The application provides an image analysis method and system based on AI live broadcast, wherein the method comprises the following steps: acquiring a live video stream, preprocessing the video stream to acquire a video set comprising a plurality of video segments, wherein the video segments comprise a plurality of frame images; determining a key frame image from the video segment, and extracting an optical flow image in the video segment; determining a combined feature of the video segment based on the key frame image and the optical flow image; constructing an LSTM classifier, and training the LSTM classifier through combined features so that the LSTM classifier has sensitive image recognition capability. By the method, the sensitive images can be automatically identified accurately and efficiently in real time, and the method replaces a manual management method, so that the requirement of real-time management is met.

Description

Image analysis method and system based on AI live broadcast

Technical Field

The application relates to the technical field of image processing, in particular to an image analysis method and system based on AI live broadcast.

Background

With the continuous improvement of network quality and bandwidth, people can use higher and higher quality and high speed network services. In this context, the live industry has evolved with the help of powerful network deployments and high network speed support.

Along with the development of artificial intelligence technology, artificial intelligence AI live broadcast is also widely applied to live broadcast industry, and a brand new live broadcast mode is used for replacing a traditional live broadcast mode, and AI live broadcast is an intelligent virtual image constructed based on the artificial intelligence technology, and real-time live broadcast is performed on a network platform through the virtual image, so that user experience can be enhanced, live broadcast quality can be improved, and live broadcast environment conditions can be improved.

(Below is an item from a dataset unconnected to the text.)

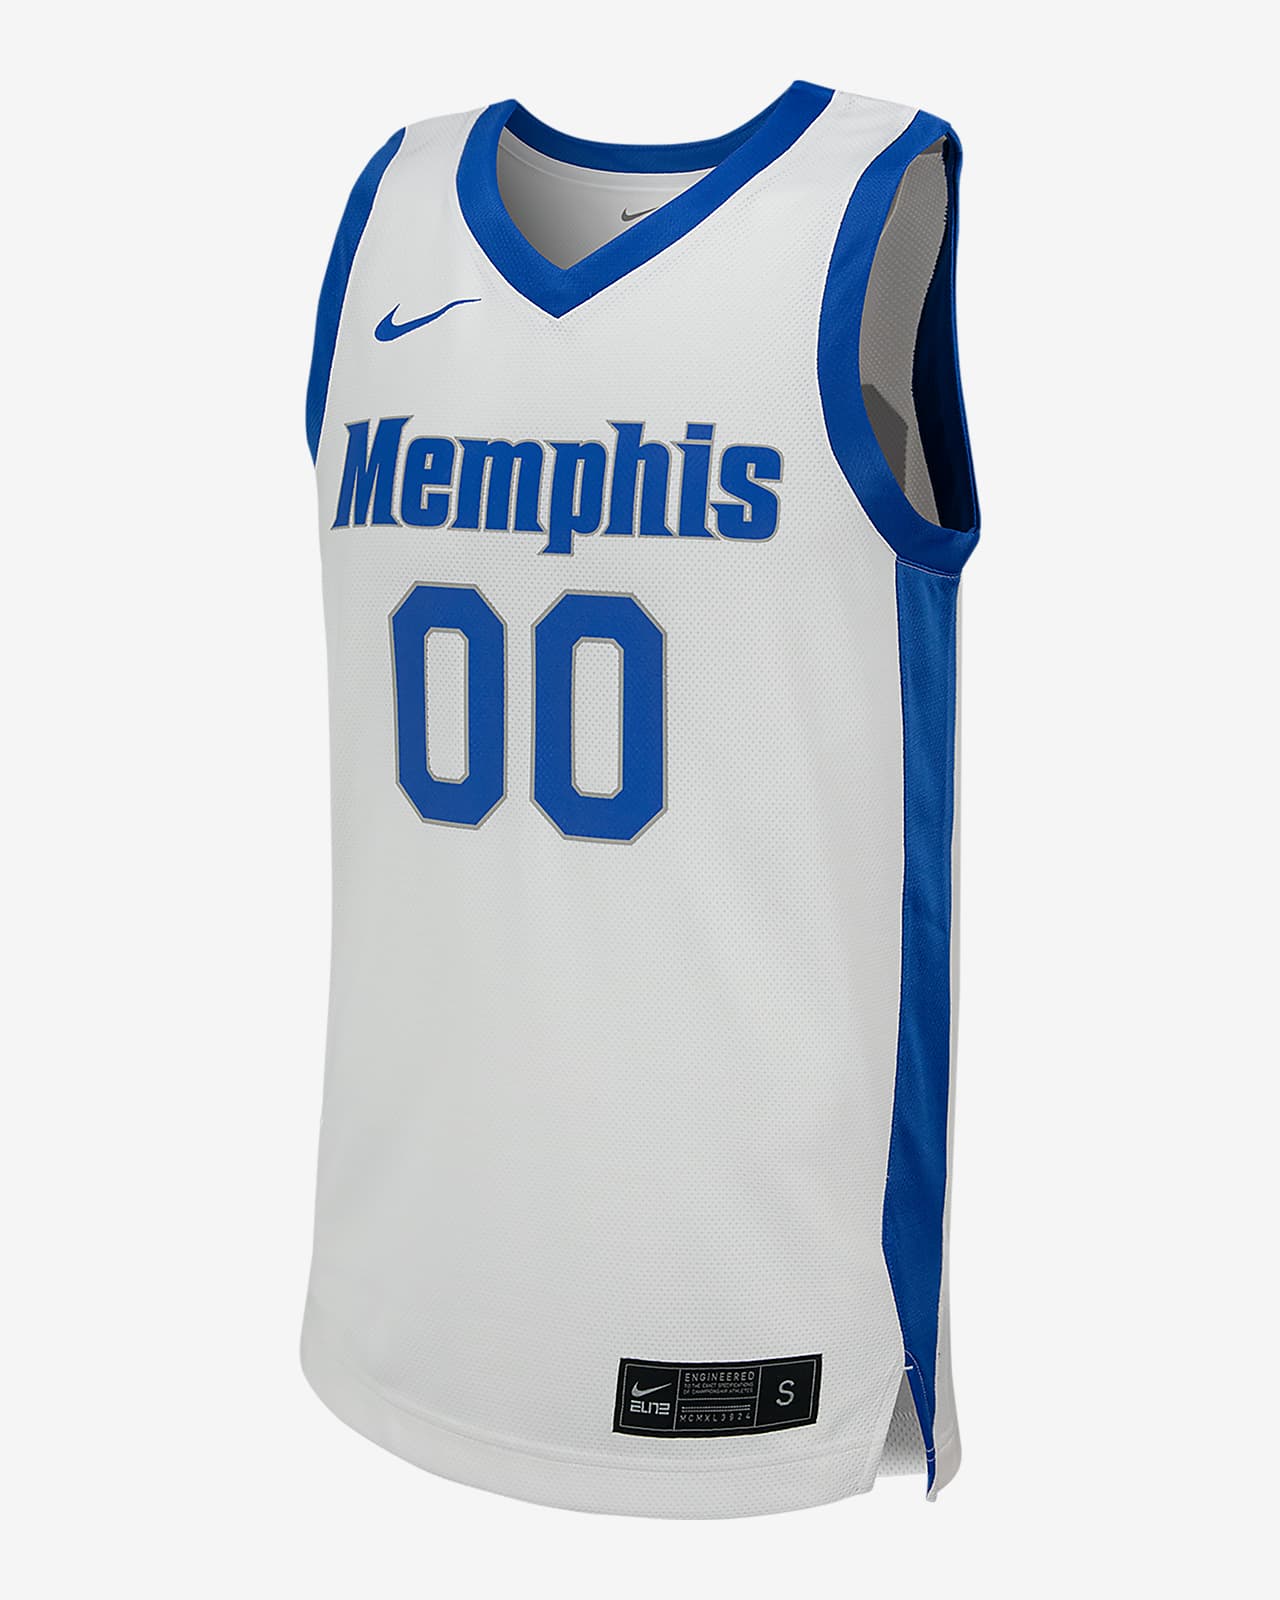 Memphis Men's Nike College Basketball Replica Jersey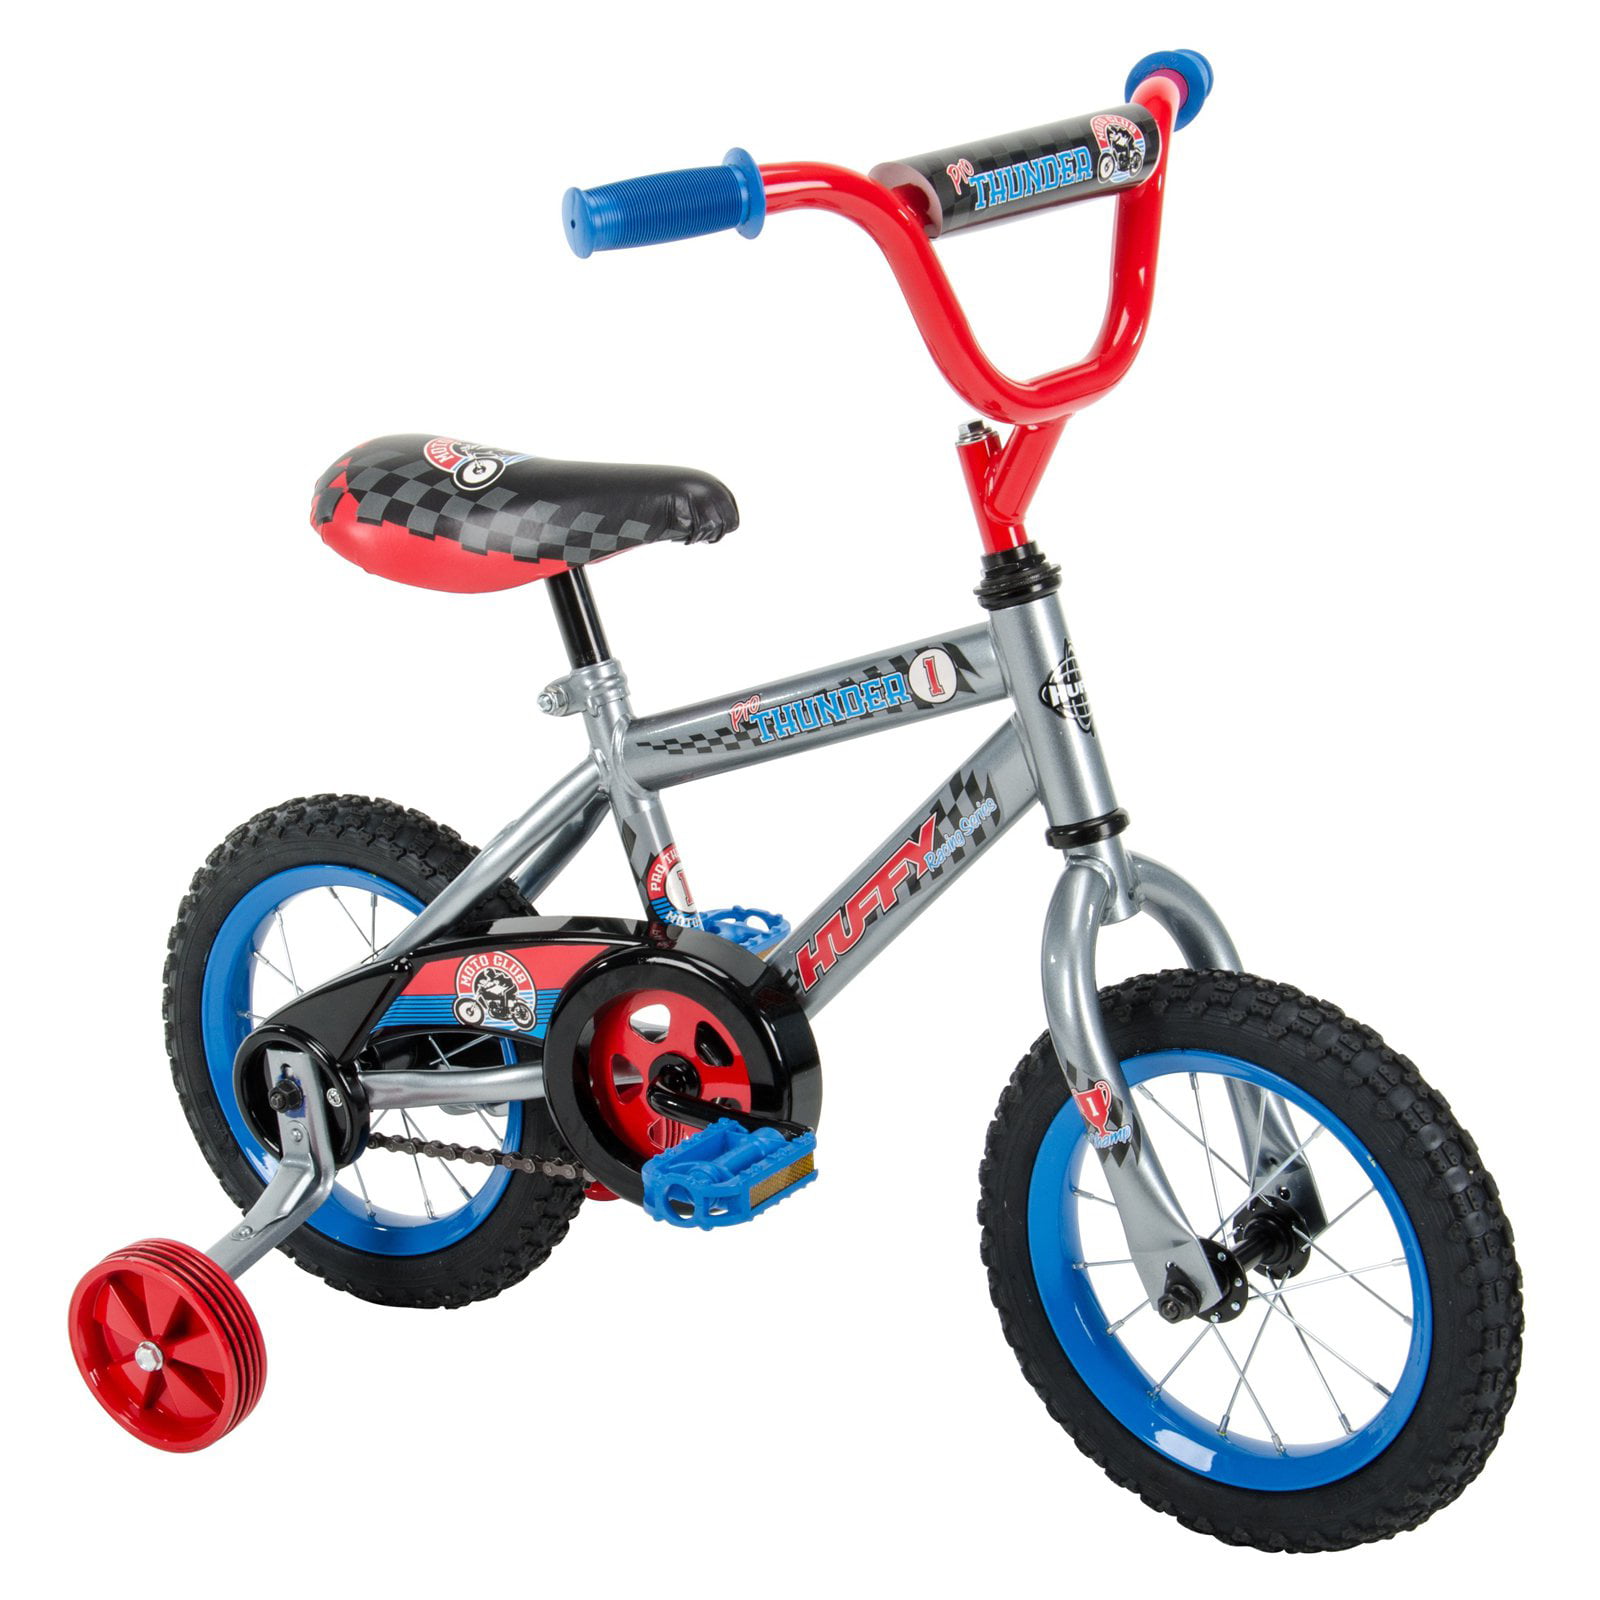 Huffy 12" Pro Thunder Kid Balance Bike With Coaster Brakes Orange for sale online open Box

However, the problems existing in the AI live broadcast are gradually revealed, in the AI live broadcast process, some sensitive images can appear, and the management of the sensitive images is basically in a human management stage, and the management of the sensitive images is mainly performed through supervision of users and staff on a platform, however, the quantity of AI live broadcast in the same time period is extremely huge, and the real-time management requirement on the sensitive images in the live broadcast process cannot be met only by means of human management.

Disclosure of Invention

The embodiment of the application provides an image analysis method and system based on AI live broadcasting, which are used for solving the technical problems that in the prior art, sensitive images in the AI live broadcasting process are managed only by means of manpower management, the management strength is insufficient, and the real-time management requirement on the sensitive images in the AI live broadcasting process cannot be met.

In a first aspect, an embodiment of the present application provides an image analysis method based on AI live broadcast, including the following steps:

acquiring a live video stream, and preprocessing the video stream to acquire a video set comprising a plurality of video segments, wherein the video segments comprise a plurality of frame images;

determining a key frame image from the video segment, and extracting an optical flow image in the video segment;

determining a combined feature of the video segment based on the key frame image and the optical flow image;

constructing an LSTM classifier, and training the LSTM classifier through the combined features so as to enable the LSTM classifier to have sensitive image recognition capability.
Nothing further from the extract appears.